▶ Task: Look below for the line containing "Women’s Gray High-Quality". Write out that line and the rest through the last one, exactly as they appear, but without pictures.

▶ Data section:
──────
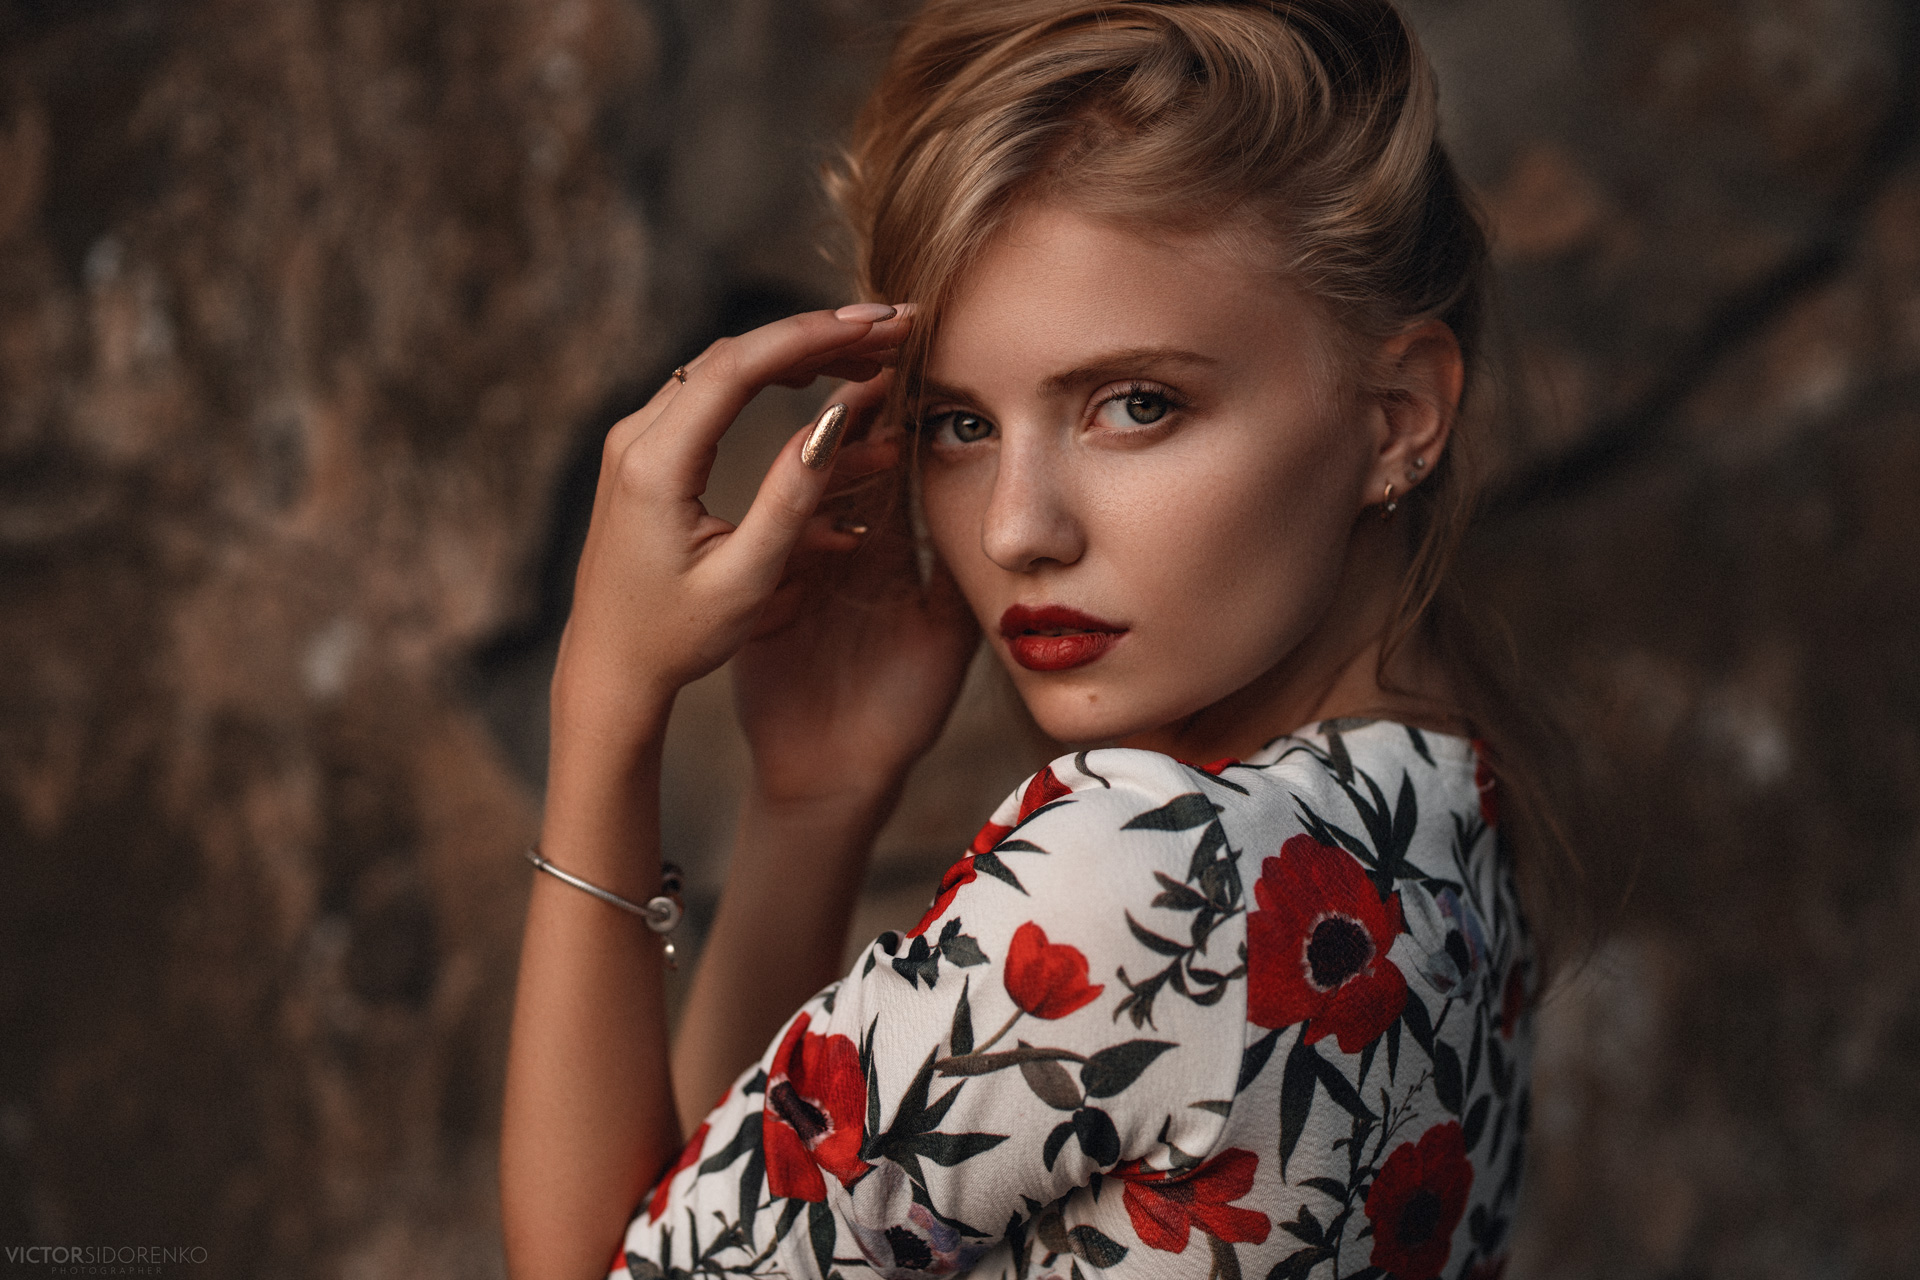 People 1920x1280 Katrin Enina Victor Sidorenko women model blonde touching hair looking at viewer red lipstick bracelets outdoors painted nails earring face women outdoors portrait photography closeup watermarked
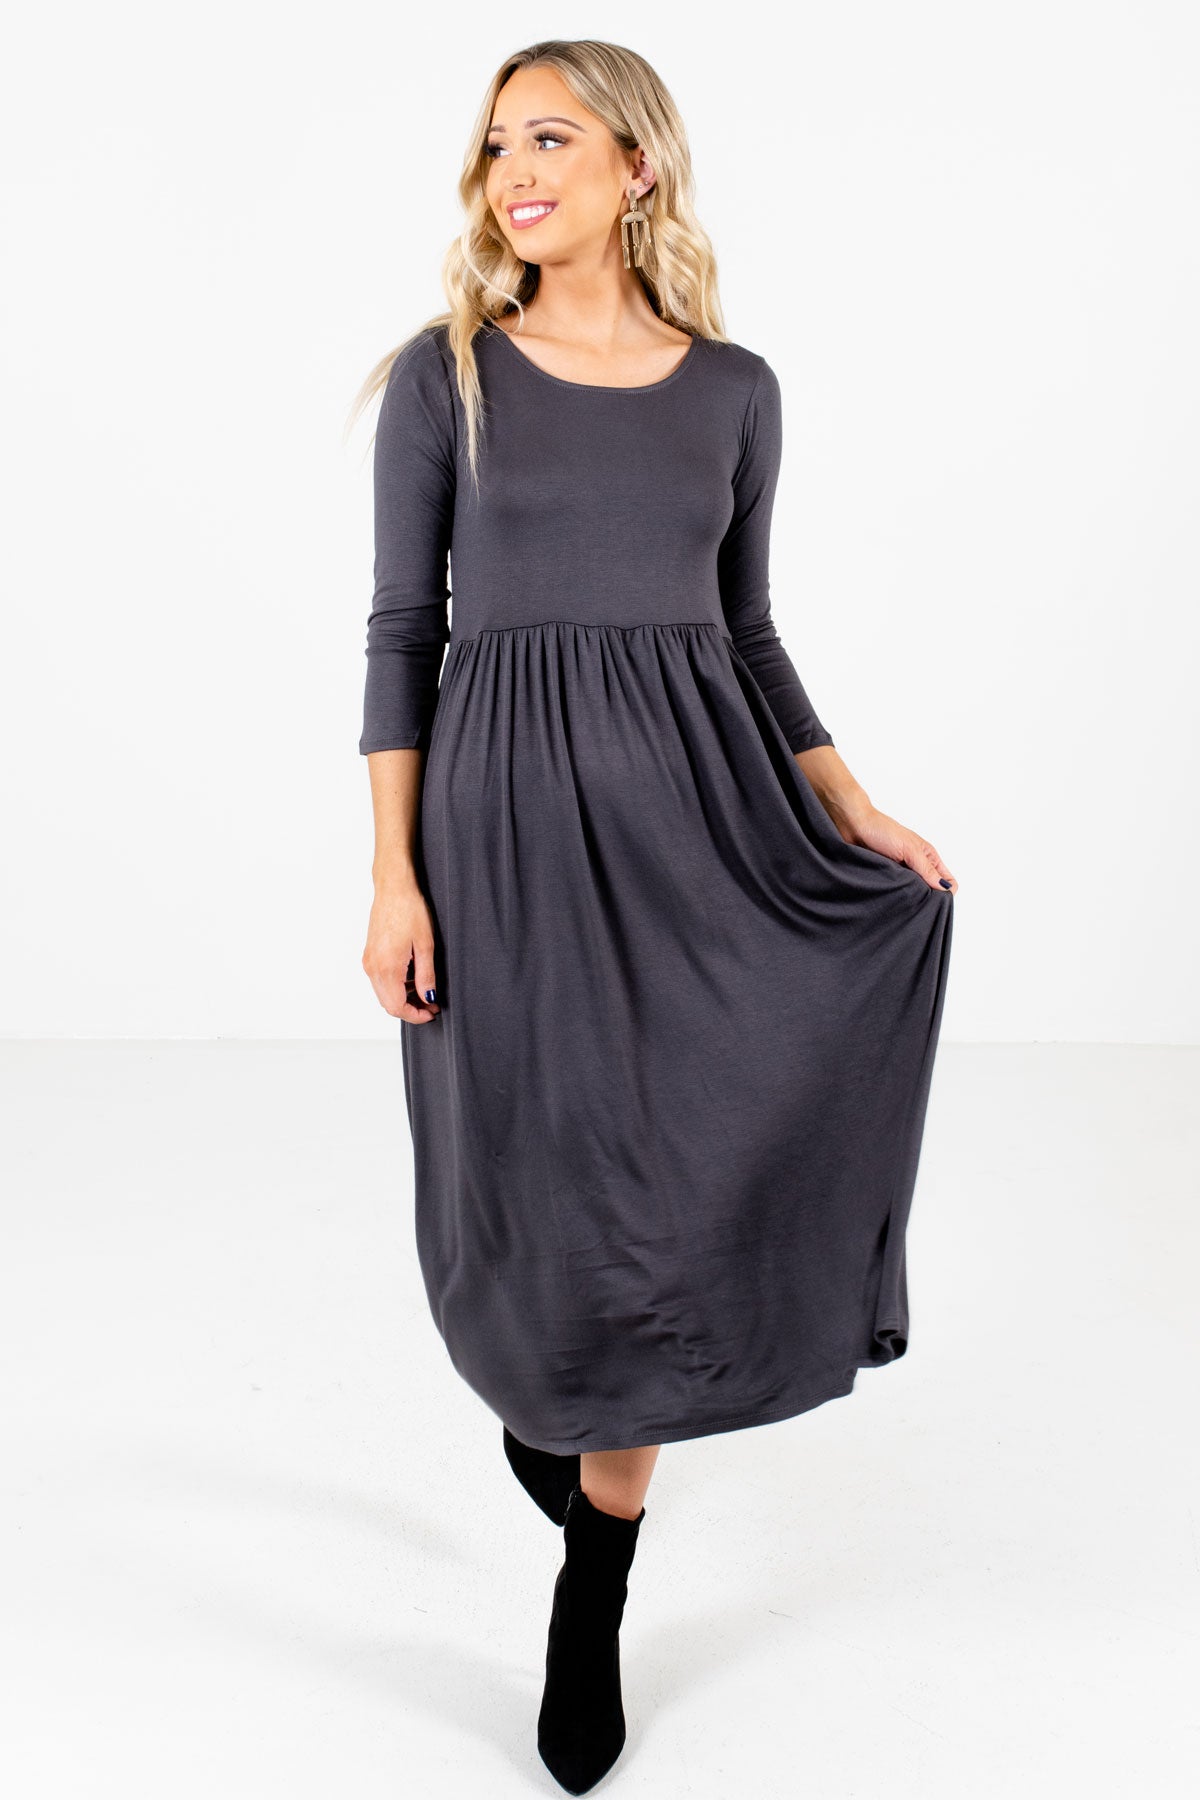 Women’s Gray High-Quality Material Boutique Midi Dress
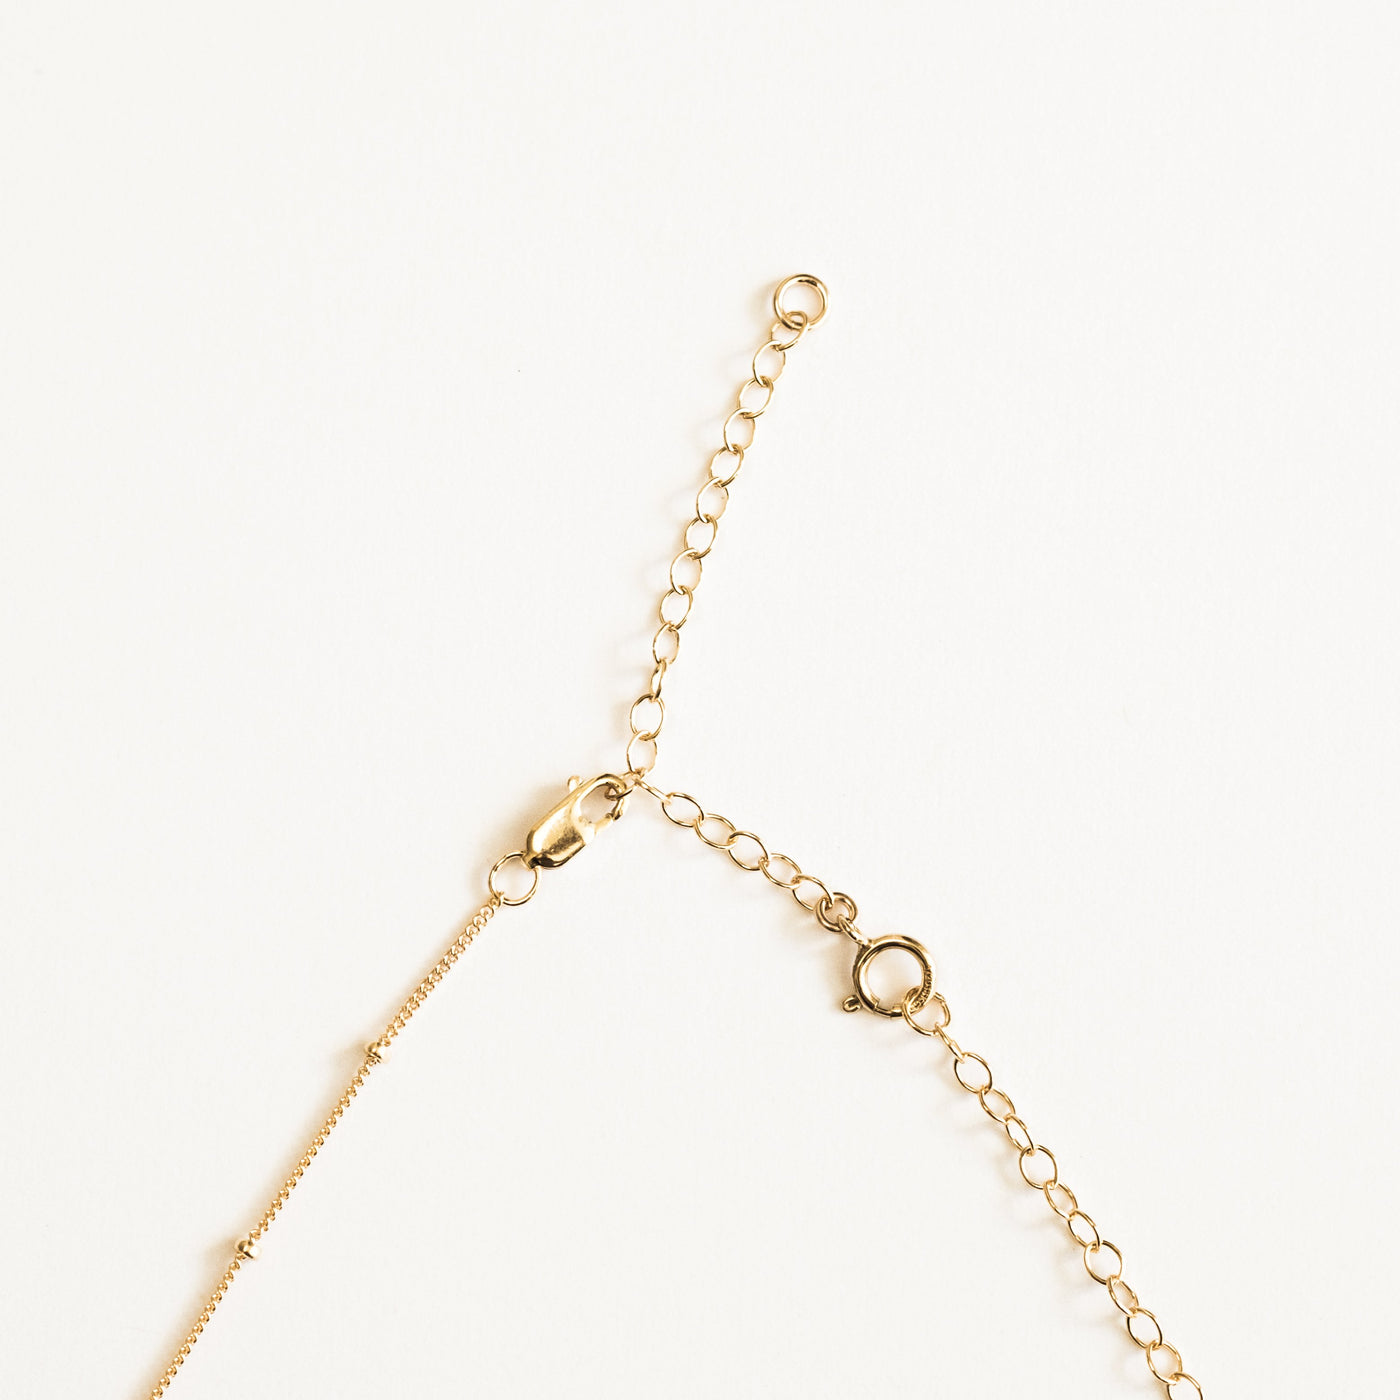 Removable Extender by Simple & Dainty Jewelry
──────
▶ Answer section:
 Women’s Gray High-Quality Material Boutique Midi Dress
 Removable Extender by Simple & Dainty Jewelry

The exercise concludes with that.